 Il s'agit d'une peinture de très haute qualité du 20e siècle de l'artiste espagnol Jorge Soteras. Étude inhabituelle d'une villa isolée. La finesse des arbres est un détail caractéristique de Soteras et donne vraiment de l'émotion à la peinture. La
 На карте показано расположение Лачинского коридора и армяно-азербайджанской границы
==
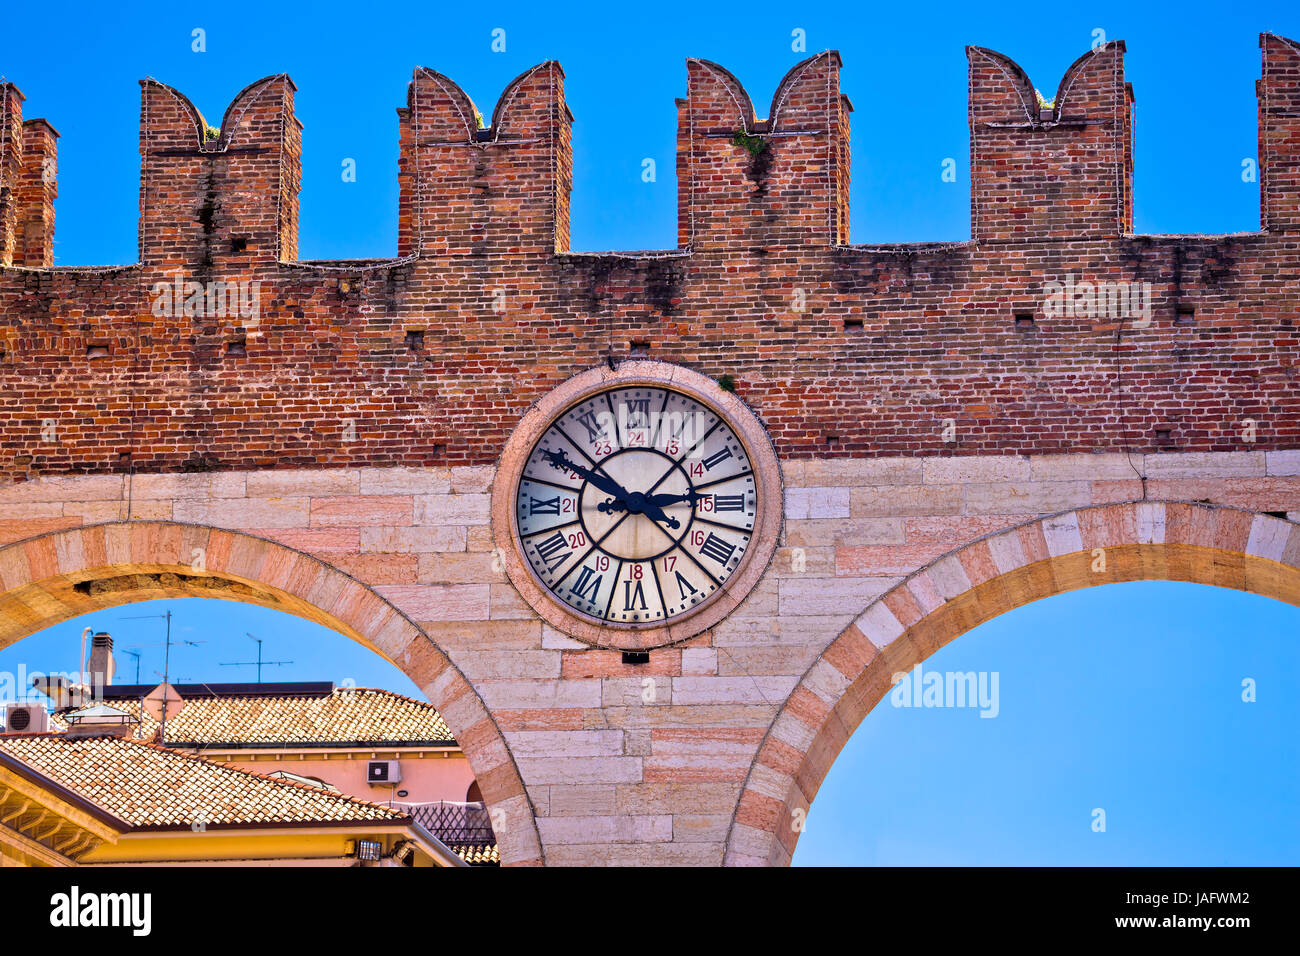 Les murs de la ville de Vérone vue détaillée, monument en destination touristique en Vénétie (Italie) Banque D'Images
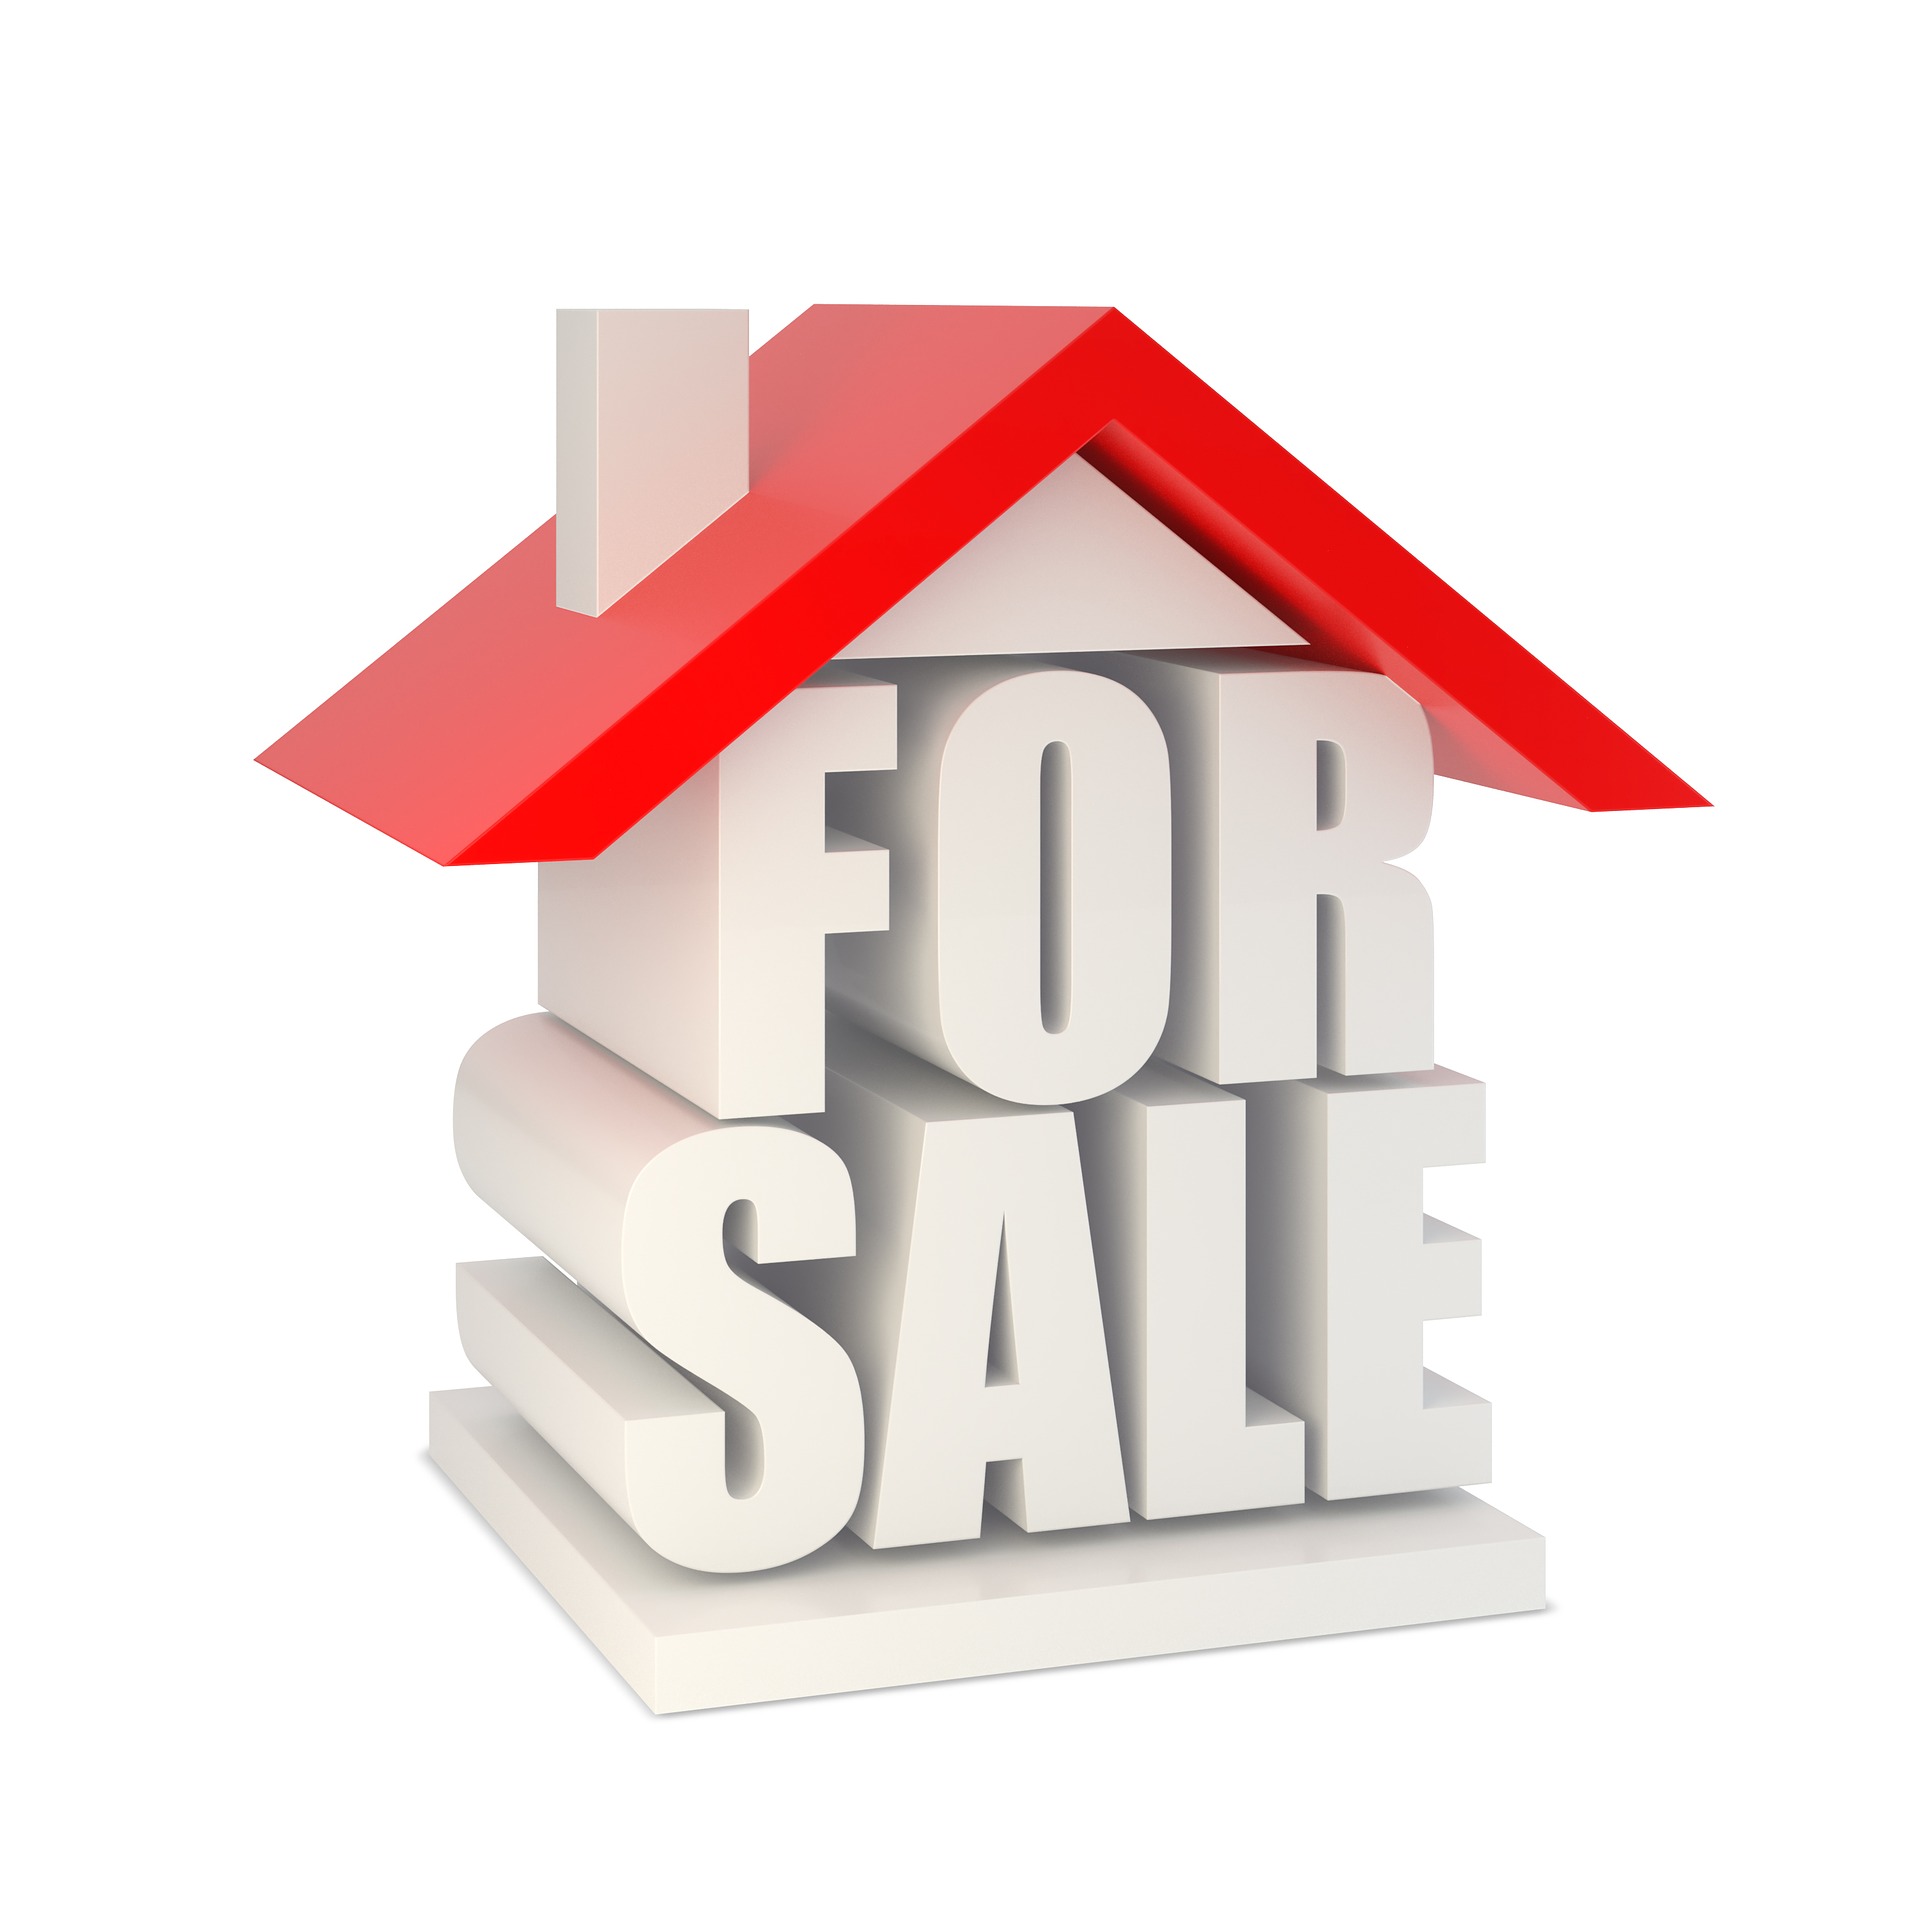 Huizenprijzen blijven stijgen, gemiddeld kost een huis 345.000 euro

*INSTRUCTIONS FOR THE TASK*.
From the listing above, please give again the lines that begin with the line holding "Les murs de" and go on through the line holding "Huizenprijzen blijven stijgen, gemiddeld", exactly, both ends included, minus any picture.

*YOUR RESPONSE*.
 Les murs de la ville de Vérone vue détaillée, monument en destination touristique en Vénétie (Italie) Banque D'Images
 Huizenprijzen blijven stijgen, gemiddeld kost een huis 345.000 euro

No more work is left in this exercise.